As you can see from that, there are six possible combinations of choice & outcome: 3 where you stick and 3 where you change.

(One thing that’s hard to get your head around here is that probability depends on our *knowledge*. The location of the car doesn’t change, but opening a door changes our knowledge and our assessment of the probability.)

Essentially, the first door you pick is your bet that it is not the correct door. You get to know whether either of the other two doors would be the correct one, so you have 2/3 chance of being correct by choosing the first one to be the one that won’t be the correct door.

Another way of thinking of it: Monty will never open the correct door. If you’ve picked the correct door (1/3 of the cases) he can open either of the others; if you’ve picked the wrong door (which you have done 2/3 of the time), he’s forced to open the only remaining wrong door, and you should switch.

It’s 1/3 if you don’t switch, 2/3 if you do. It’s not intuitive but very easy to verify if you just work out the 3 possibilities in your head. If the correct door is B…

A: guess wrong door, switch to correct door.

B: guess right door, switch to wrong door.

C: guess wrong door, switch to correct door.

The key is you’ll never guess the wrong door and then switch to the other wrong door.

Not sure where you’re getting these numbers from.

1 in 3 and 2 in 5 aren’t the same. There are only 3 doors, so in the first stage you have a 1/3 chance of picking the correct door.

Because the host always opens a door with a goat, swapping will *always* change what you got. If you got a car you’ll always swap to a goat, if you got a goat you’ll always swap to a car. Therefore the probabilities are swapped and you now have a 2/3 chance of getting the car.

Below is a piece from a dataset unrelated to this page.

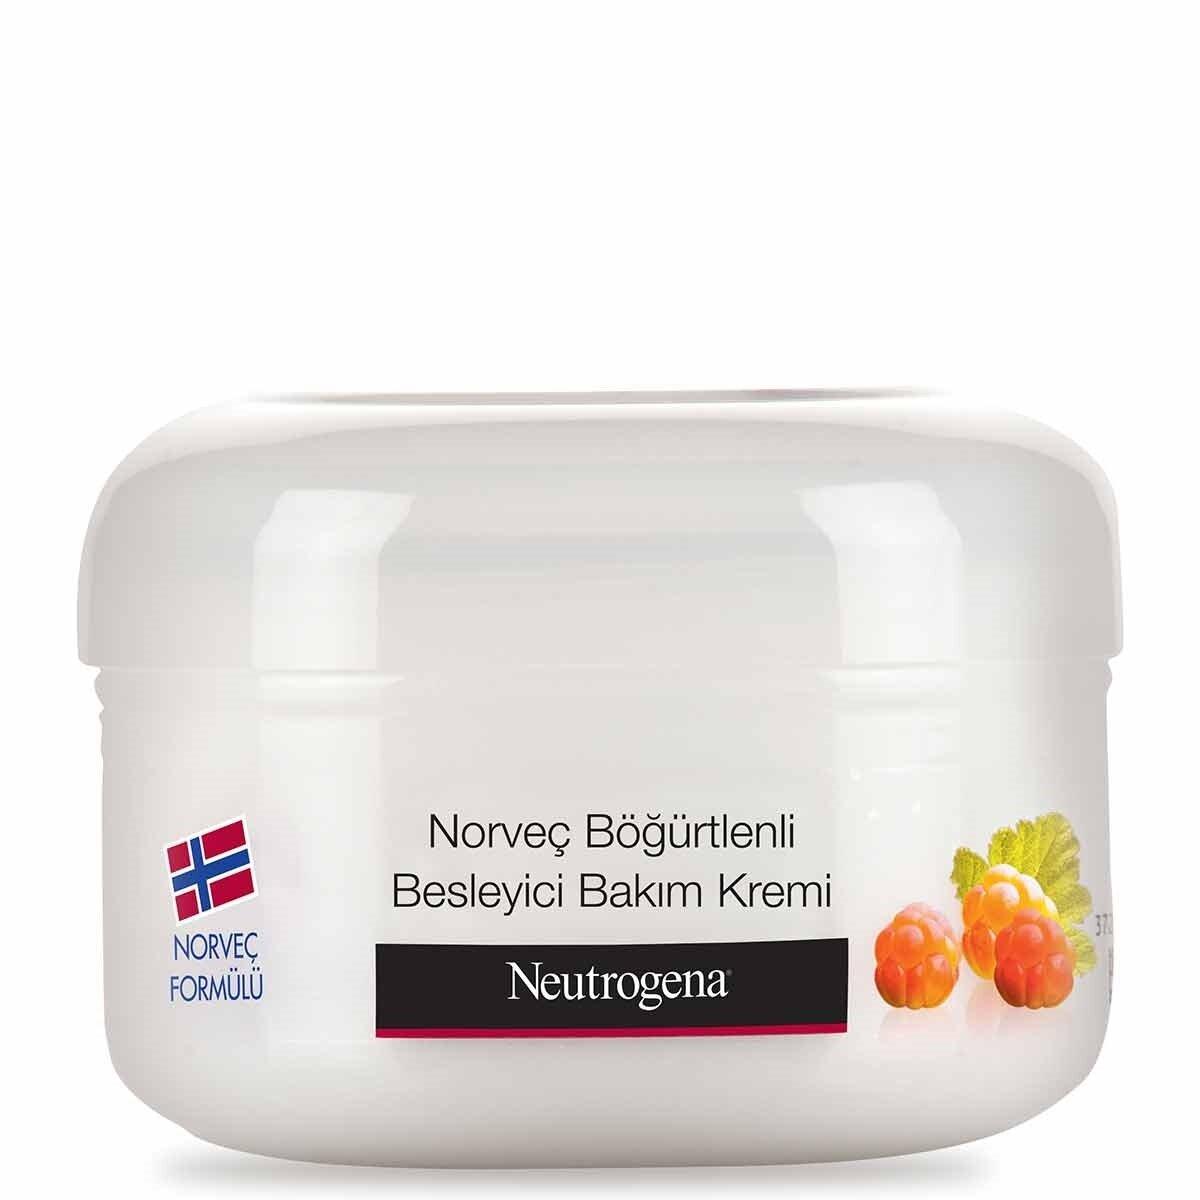 Nordic Berry Body Balm Vücut Kremi 200 ml

There’s no 50% probability or 2/5 probability at any point, the relevant probabilities are 1/3 and 2/3 and that’s it

Easiest way to think about the problem: Your first choice *constrains* Monty Hall. If you pick the prize (1/3 of the time), he can show you one of two goats. Switching always loses. If you pick a goat (2/3 of the time), he *has* to show you the other goat. Switching always wins.

It’s that simple.